Friday, April 29, 2011

Android Video Acceleration 3.1

In smartphones and other tablets, hardware acceleration for decoding H.264 video is rarely available. If the software shipped with the OS typically use this function - available in most ARM SoC - the third-party software is often limited to software decoding. And ARM CPU is quite slow in this type of use, especially if the SIMD "NEON" are not available.

Fortunately for NVIDIA Tegra and 2 (which is not compatible NEON), it should change.

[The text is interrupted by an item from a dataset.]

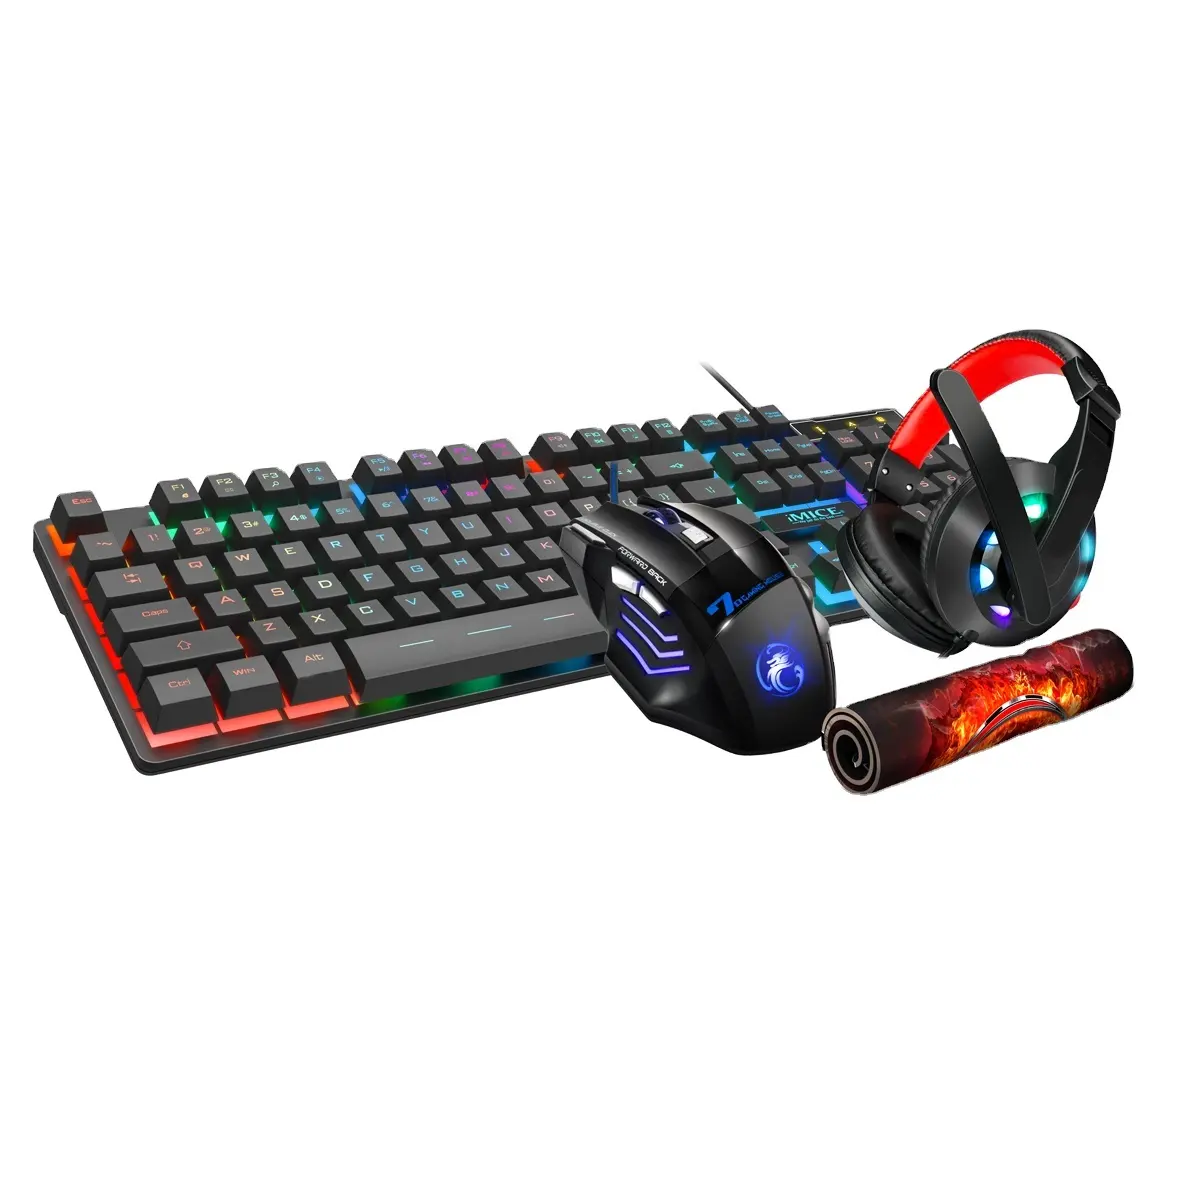 Imice GK-470 teclado semi-mecânico gamer, 4 em 1, ergonômico, colorido, headset e mouse pad
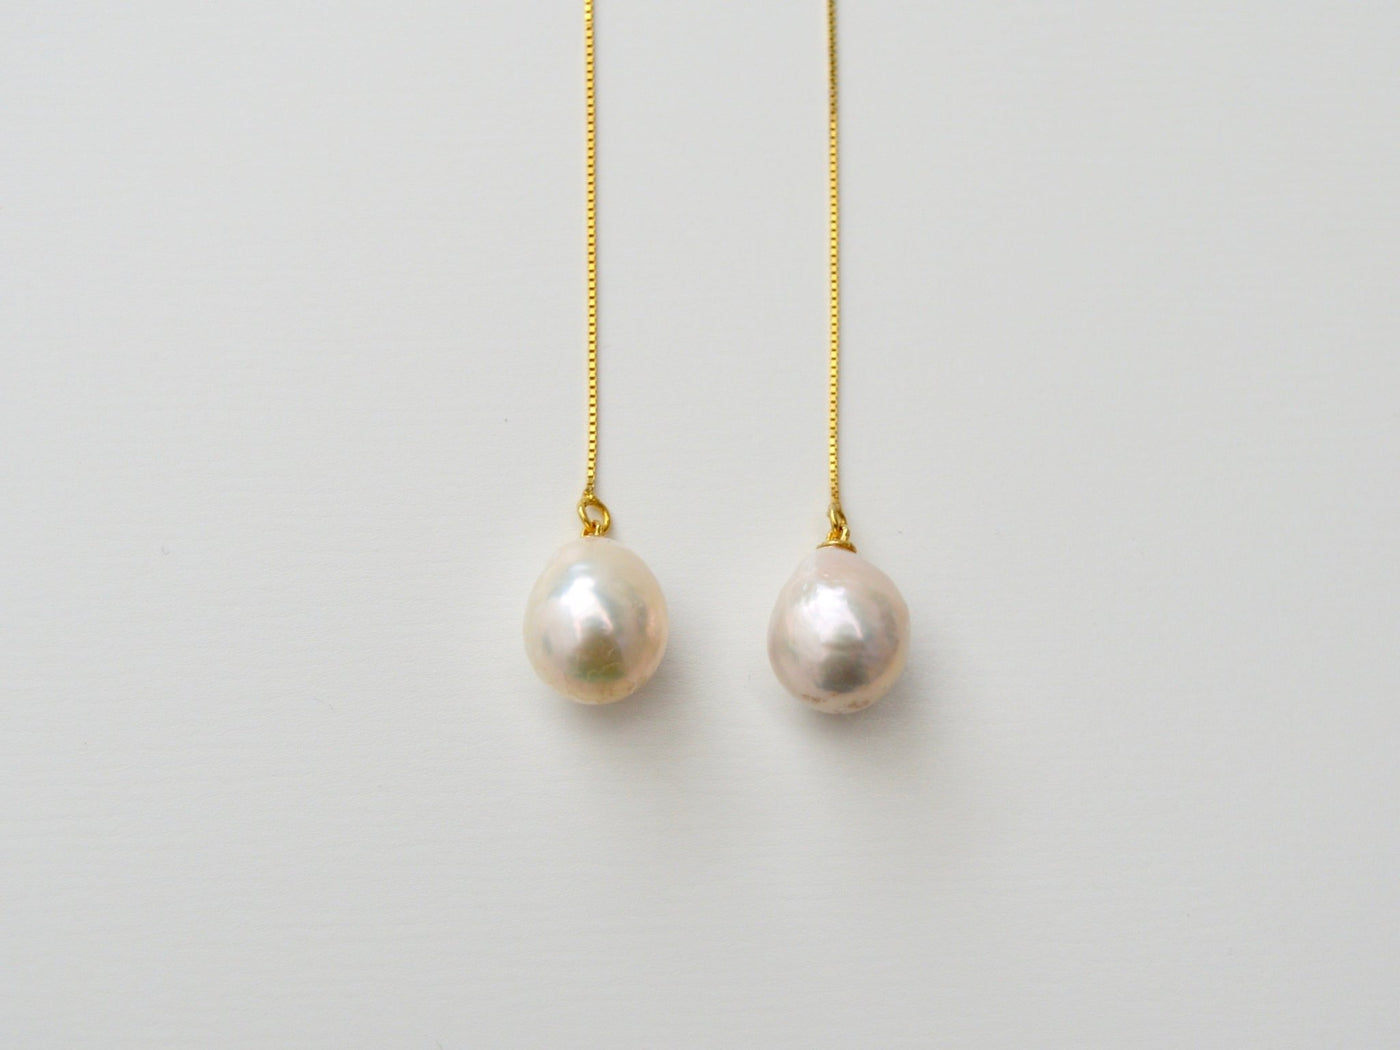 Baroque Pearls: Threader Ohrkette Drops mit echten Perlen | vergoldet

Indeed, the latest version of Flash 10.2, the 10.2.157.51 indicates that hardware acceleration of video will be available with Android 3.1. In theory, it can decode 1080p video over a dedicated portion of the SoC, which avoids overloading the CPU and reduces consumption, although the difference is usually not huge.

Indeed, if in a classic move from one PC 3 GHz processor to a dedicated chip that runs a few hundred MHz has an impact in a smartphone the difference is less important. Remains to be seen how the acceleration will be managed in question: the decoders have integrated into the SoC performance highly variable, and some decode many formats in 1080p and with the "profiles" the most effective, others are limited to 720p in basic profile.

Hopefully the main decoders - one from NVIDIA, that Qualcomm, the Imagination and the Texas Instruments - will support prices, although this is unlikely. Indeed, on conventional computers, Adobe has taken the time to take over some chips (like Intel) and decoding hardware is not yet widespread.